If atrazine is causing male frogs to become hermaphrodites, what might it be doing to humans? That’s a questions Hayes says he can’t answer. Frogs are considered a “sentinel” species, one whose sensitivity can alert us to problems in the environment. Frogs, Hayes explains, are “completely naked.” They hatch from eggs that have no shell. As tadpoles, they absorb everything in their water–”It’s like their blood,” says Hayes. As adults they have thin permeable skin through which they breathe. And they go through a huge change–metamorphosis–in which “their entire genetic program gets turned off and an entirely new program gets turned on,” a process that is driven by hormones and is especially sensitive to disruption. By comparison, humans develop in a far more protected environment. But, as the case of DES shows, even in the womb we are not safe from chemicals that could disrupt development. Despite the obvious differences between frogs and humans, as vertebrates we share an almost identical developmental pathway controlled by the same hormones.

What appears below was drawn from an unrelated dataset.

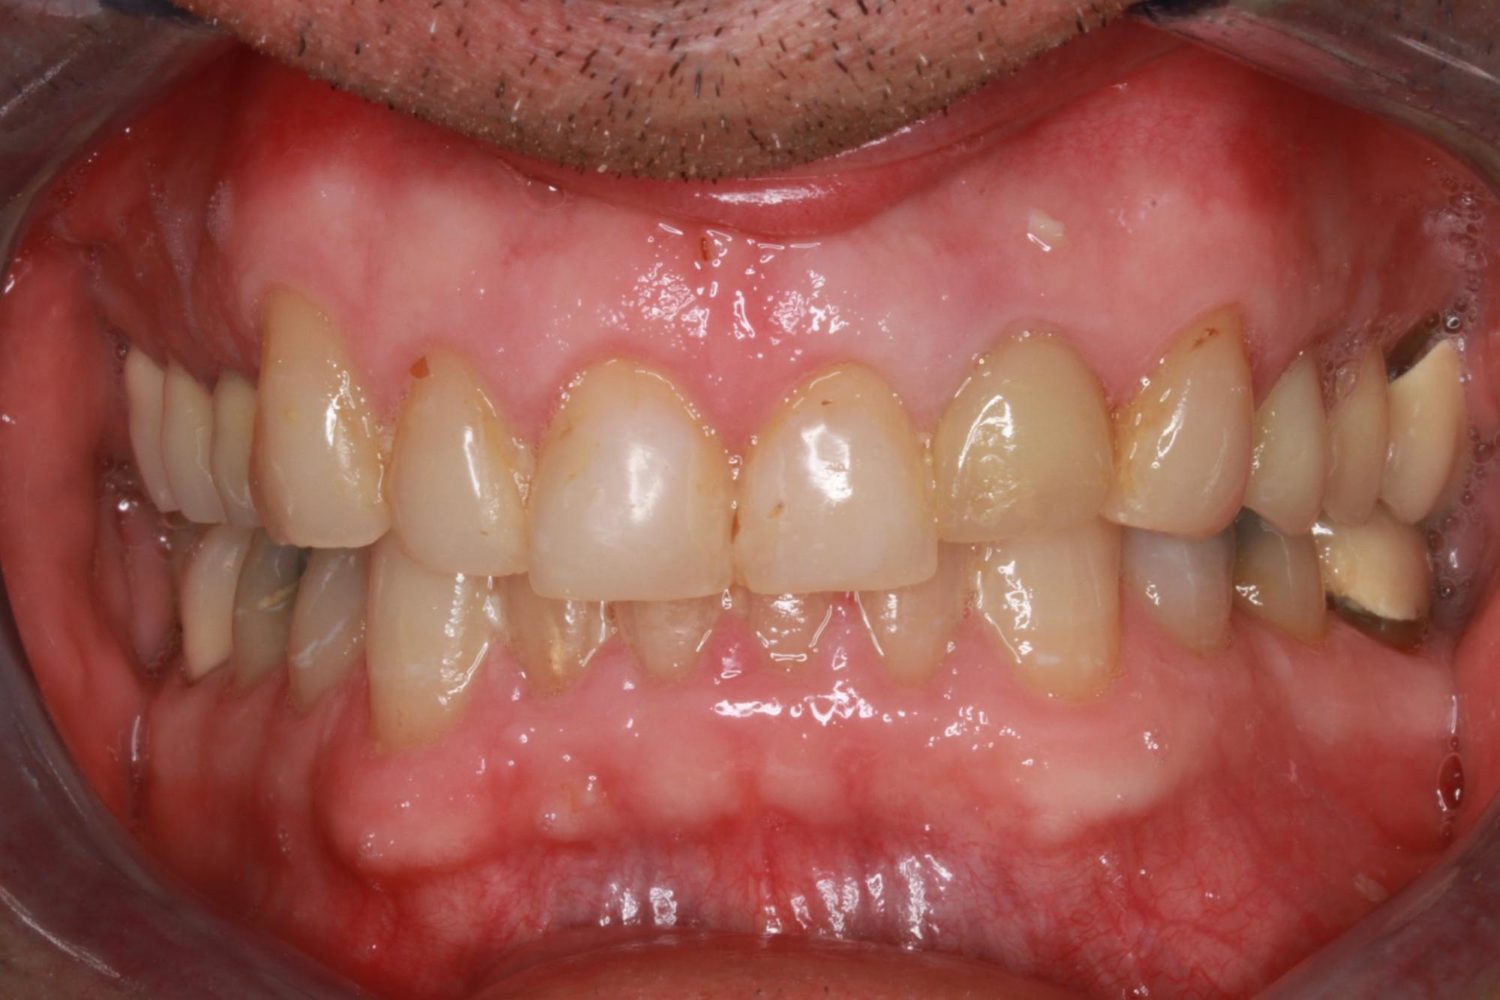 Before Major Restorative Dental Treatment

Apart from disturbing declines in amphibian populations, in the last decade there have been numerous examples of frogs turning up across North America with extra limbs, missing limbs, or other gross deformities, particularly in agricultural areas. “I’ve been looking at frogs my whole life and, up until I was 21, I’d seen only one frog with a limb deformity. I still have it–I thought it was so unusual,” says Hayes. “Now, I can drive across the country and see ponds where 20 percent of the frogs have limb deformities, in completely different places geographically. On any given day I can go out and find you a deformed frog.” Many scientists believe that pesticides are to blame. Wild frogs spend their lives bathing in a soup of agricultural chemicals, and Hayes is now also looking at the potential cumulative effect of such mixtures. Surprisingly, his preliminary results seem to indicate that the number of different chemicals in a mixture is more important than the amount of any one chemical.

“I would say that we have inadequate information to address the safety of most of the compounds we’re exposed to–in particular now with mixtures of chemicals, which the EPA has no plan to deal with. The threshold levels and the types of effects you’ll see are going to change dramatically when the chemicals are mixed,” he warns.

Hayes says he is interested in “connections and interactions.” “Whether it’s this gene that gets turned on or what happens to this population, I’m interested in the small connections and the big connections,” he says, and then brings things more down to earth, referring again to an old TV show. “On Gilligan’s Island, there was the Professor, and he was the professor of everything. Back in the day, there was ‘the scientist,’ who did everything from physics to chemistry to biology,” says Hayes. “Then we became more specialized–you were a biologist or a chemist. And then we became even more specialized–so you were a molecular biologist or a cell biologist or an endocrinologist. Now we’ve started joining things. You have to incorporate more things to understand this complexity. I think we’re almost back to Gilligan’s Island. I think that’s the future.”